Monopoly begets monopoly. The predatory discounting of the big box stores put the squeeze on chain bookstores and indies. The chains merged and merged into a duopoly, while the indies underwent a mass die-off.
Publishers were caught in this squeeze: the two national bookstore chains and the big box stores demanded extra co-op payments, preferential discounts, and more generous credit and return policies. The publishers merged and merged, down to six (now four).
This also happened with trade distributors (who sold to bookstores, not the mass market) — the industry collapsed into a duopoly (today, it’s a monopoly, run by Ingram).
This is a familiar pattern across all monopolized industries.
As David Dayen described in MONOPOLIZED, this neatly parallels the monopolization of health care: pharma monopolized and gouged hospitals, who monopolized in self-defense and gouged insurers, who monopolized in self-defense.
https://pluralistic.net/2021/01/29/fractal-bullshit/#dayenu
Both monopolistic trends had the same end-point: after all the companies had finished monopolizing, the disorganized group of suppliers and workers were the only ones that the monopolies could strong-arm.
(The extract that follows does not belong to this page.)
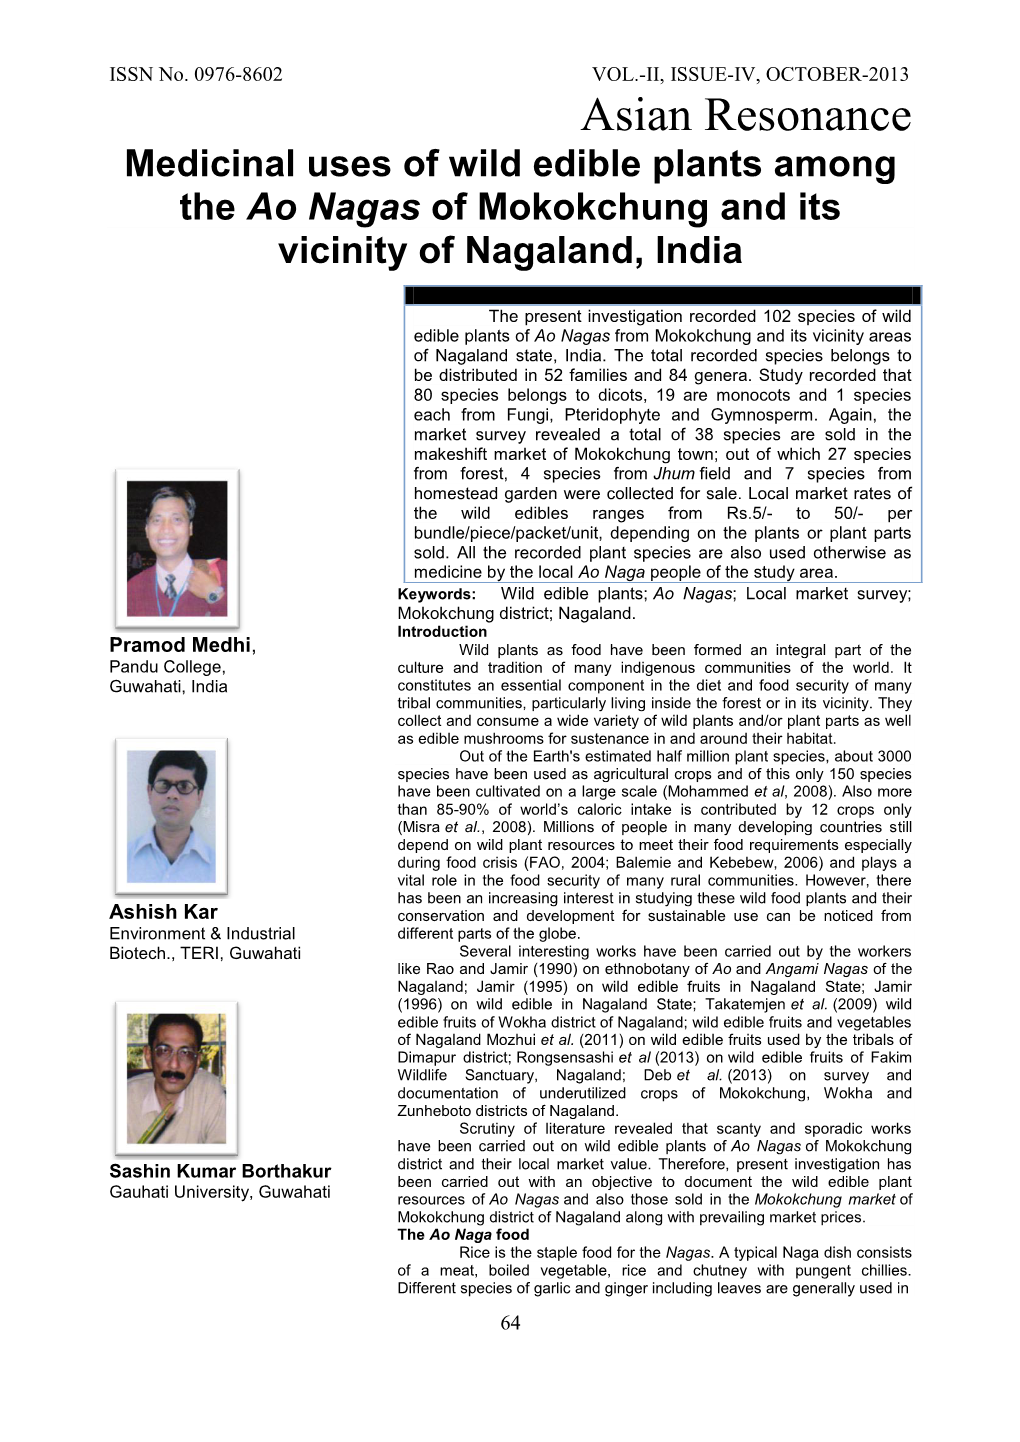 Medicinal Uses of Wild Edible Plants Among the Ao Nagas of Mokokchung and Its Vicinity of Nagaland, India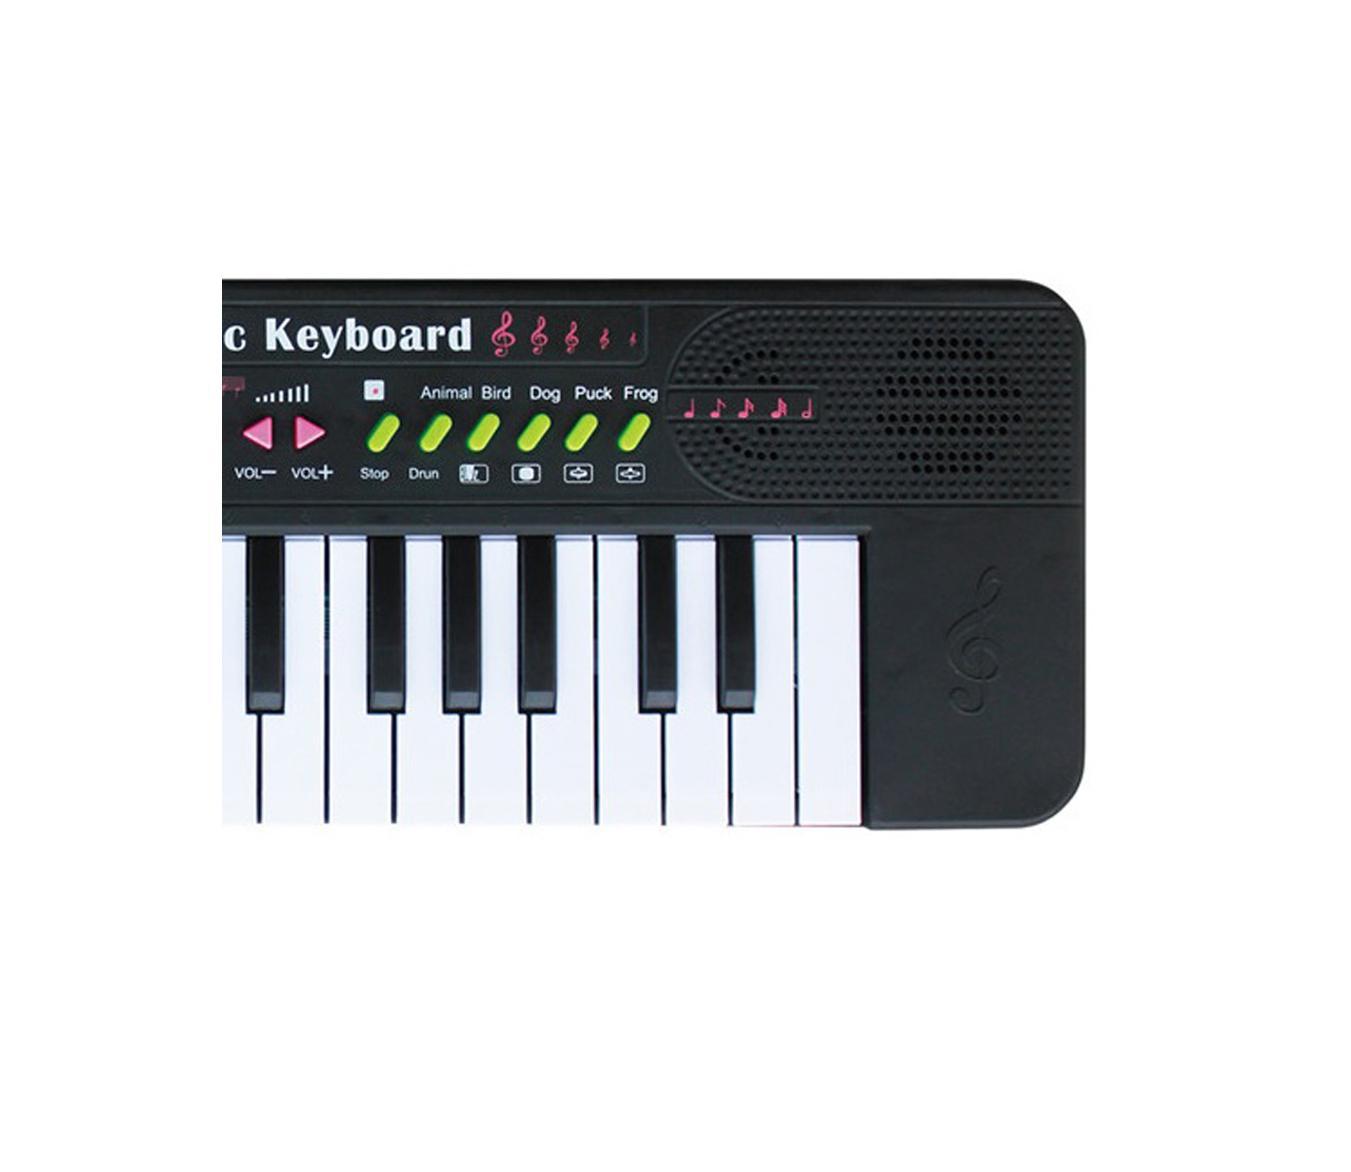 Teclado Infantil Musical 32 Teclas Keys Com Microfone Piano na

In the case of hospitals, that’s health-workers and patients.
In publishing, it’s workers and writers. If you work in publishing and your resume is rejected by four companies, it has been rejected by every major publisher. If you’re a writer whose book is rejected by four publishers, then you’ve been rejected by every major house.
That’s why writers are now expected to give up graphic novel, audio, world English, and other valuable rights for the same advances — with fewer companies bidding on books, the likelihood that one will pay more or demand less goes down.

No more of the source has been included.